- What is needed:
Of all the lines in the entries below, give again exactly those starting at the line containing "a parent, you" and ending at the line containing "The　Lucky's　Co", both ends included, and no others.

- Task inputs:
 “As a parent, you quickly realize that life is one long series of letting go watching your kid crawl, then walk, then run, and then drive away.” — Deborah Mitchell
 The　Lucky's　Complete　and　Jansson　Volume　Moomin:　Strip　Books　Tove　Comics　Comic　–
...
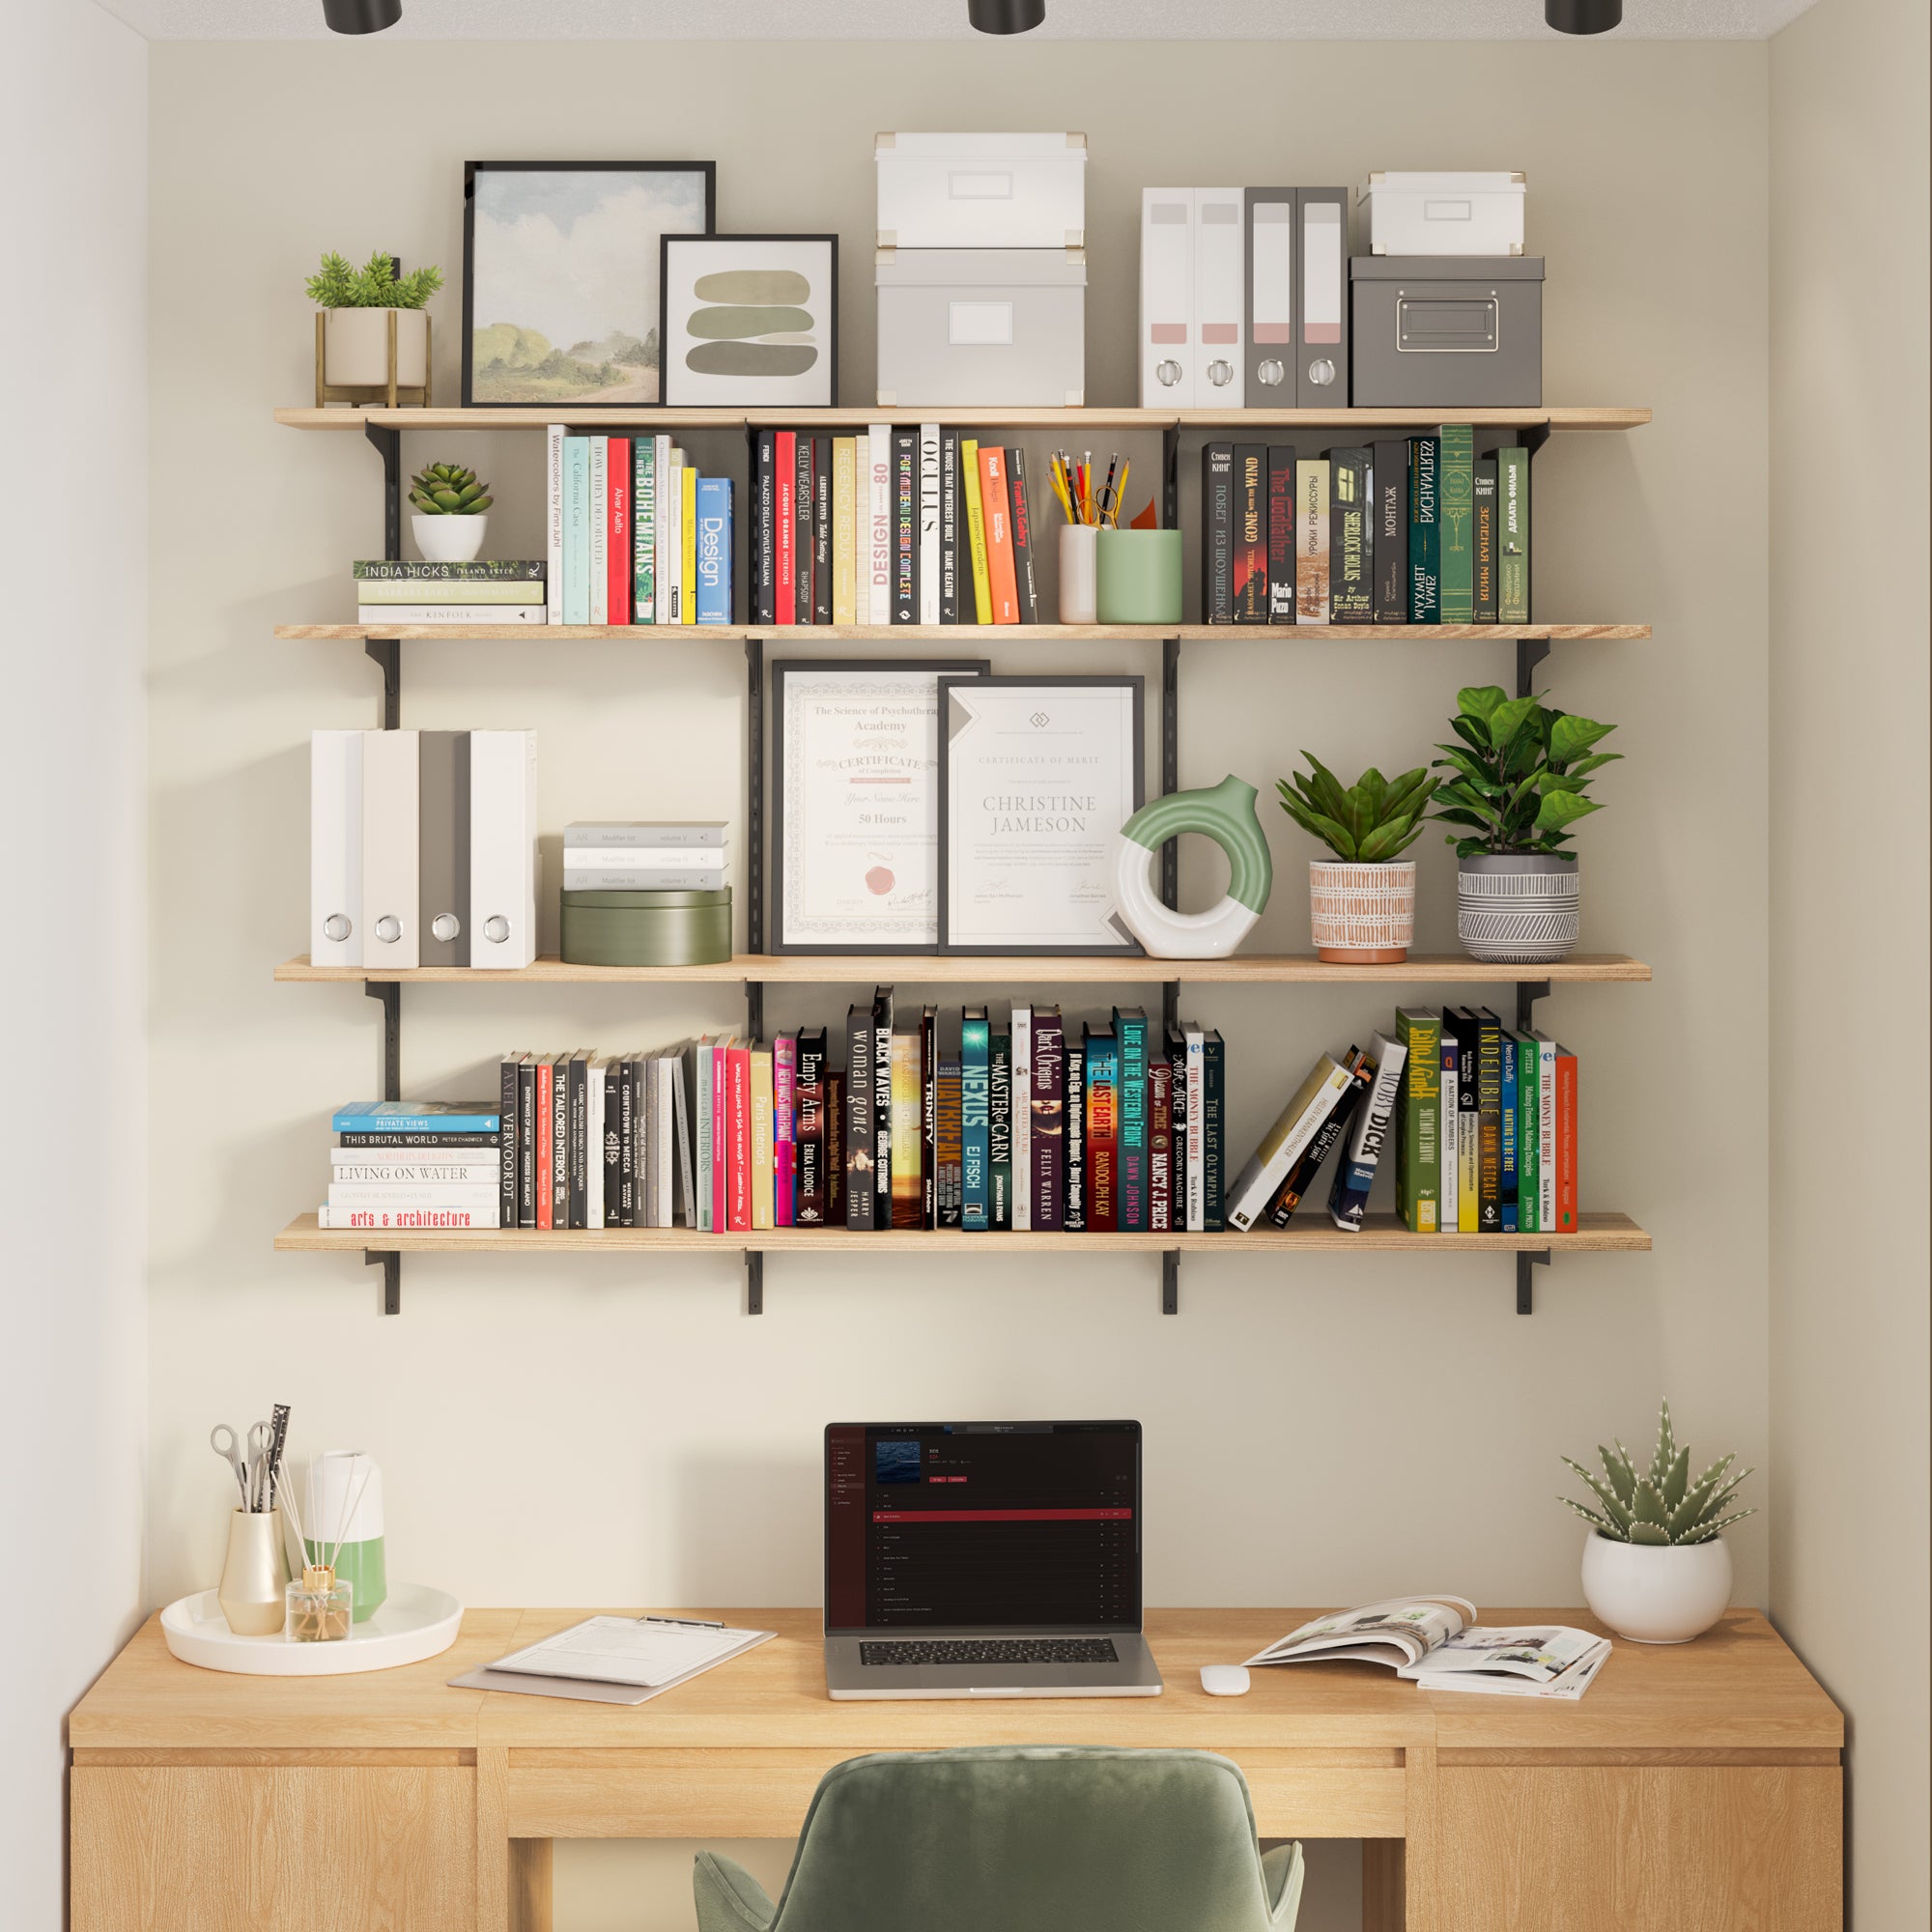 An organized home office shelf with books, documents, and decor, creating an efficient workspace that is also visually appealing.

- Answer to the exercise:
 “As a parent, you quickly realize that life is one long series of letting go watching your kid crawl, then walk, then run, and then drive away.” — Deborah Mitchell
 The　Lucky's　Complete　and　Jansson　Volume　Moomin:　Strip　Books　Tove　Comics　Comic　–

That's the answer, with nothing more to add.